Anyway, I treated the observation hive on a 30 degree F day in late Novemeber with wood bleach OA from Home Depot, using the ProVap100, through a small hole at the bottom of the hive, with a 1 gram dose (way too much for 2 frames). As I watched the vapor float around, get fanned by the bees, and eventually crystallize on the frames, etc. I noticed that the bees did not seem overly upset by this situation. I thought there would be panic or chaos, but the bees were quite calm. The bees were located in a big circle spanning the two frames. There were all stages of brood on the frames. I had completely vacuumed out the hive floor before treating, because I was curious about counting the mites.

Anyway, maybe 6 mites dropped that afternoon. I was disappointed. 24 hours after, there were about 20 mites on the floor. I start questioning my methods thinking about what I might have done wrong. I could still see mites firmly attached to the bodies of many bees. By 48 hours, there was a reasonable covering of mites on the floor, and by 36 hours, the mites had rained down getting stuck between the glass and the over-full honey part of the frame, forming a line of dead mites about 1/2 cm thick. I could not believe that that many mites could have existed on so few bees (relatively speaking). So the difference in mite drop between 48 and 36 hours was huge.

I think the 36 hour mark is probably the best measure of the mites killed by the treatment. The initial 6 mites after 24 hours were probably just mites dying of old age.


----------



## Mike Gillmore (Feb 25, 2006)

_a) do you use a sticky board or tray under a screened floor or are you observing dead mites on the solid floor of a hive._
I use a tray under a screened bottom board.

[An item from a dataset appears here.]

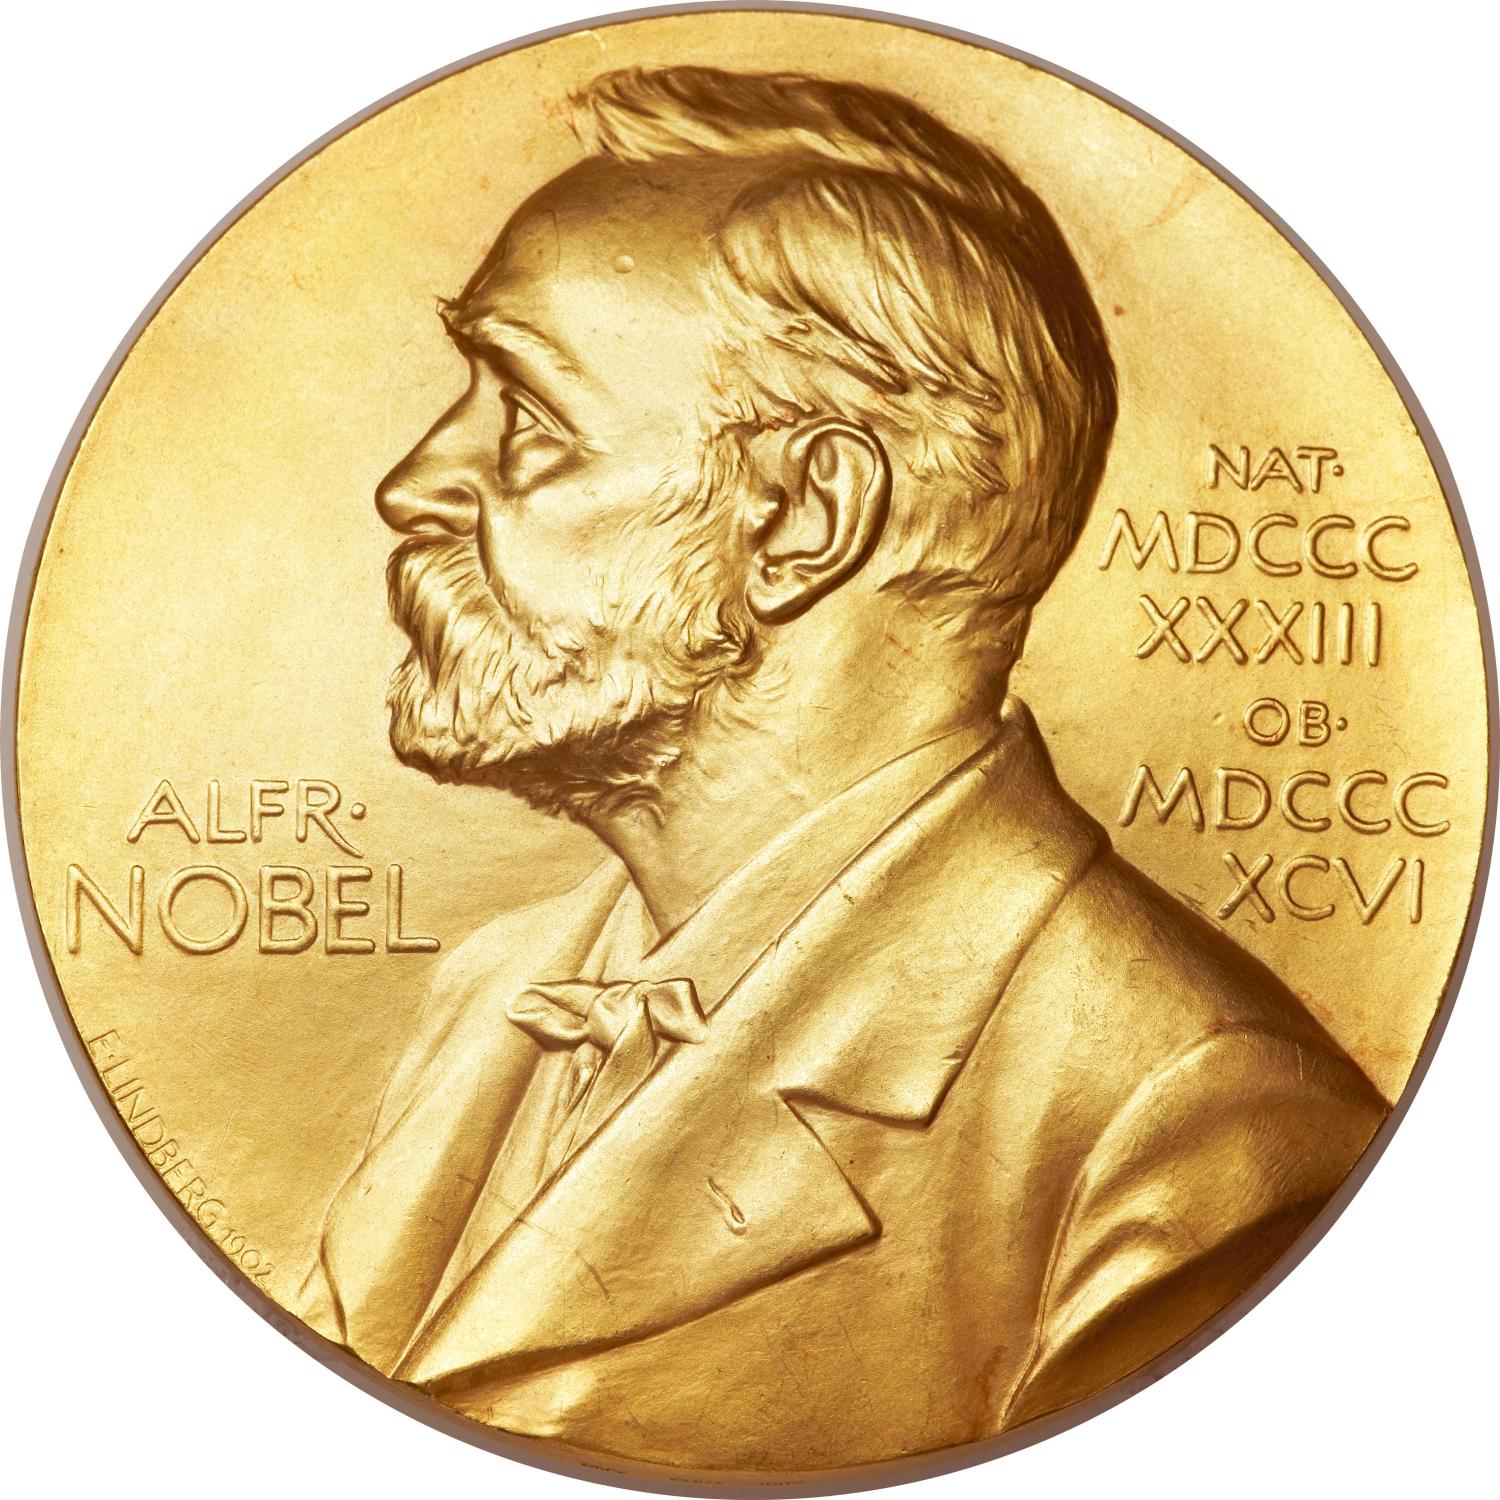 Discoveries on Temperature and Touch Win Nobel in Medicine

_b) what type of sublimation (not fogging) equipment used_ 
Varrox Vaporizer

_c) dose given in total grams_
2 g per 3 mediums

_d) kind of OA: official stuff from bee suppliers, Savogran Wood Bleach, or chemical supply source_
Savogran

_d) size (8- or 10- frame and medium or deep) and number of boxes in stack at treatment_
10 frame mediums. 3-4 boxes at treatment time.

_e) position of most bees in the colony at time of treatment_
Winter broodless treatment - top half of the stack. Fall series - All boxes.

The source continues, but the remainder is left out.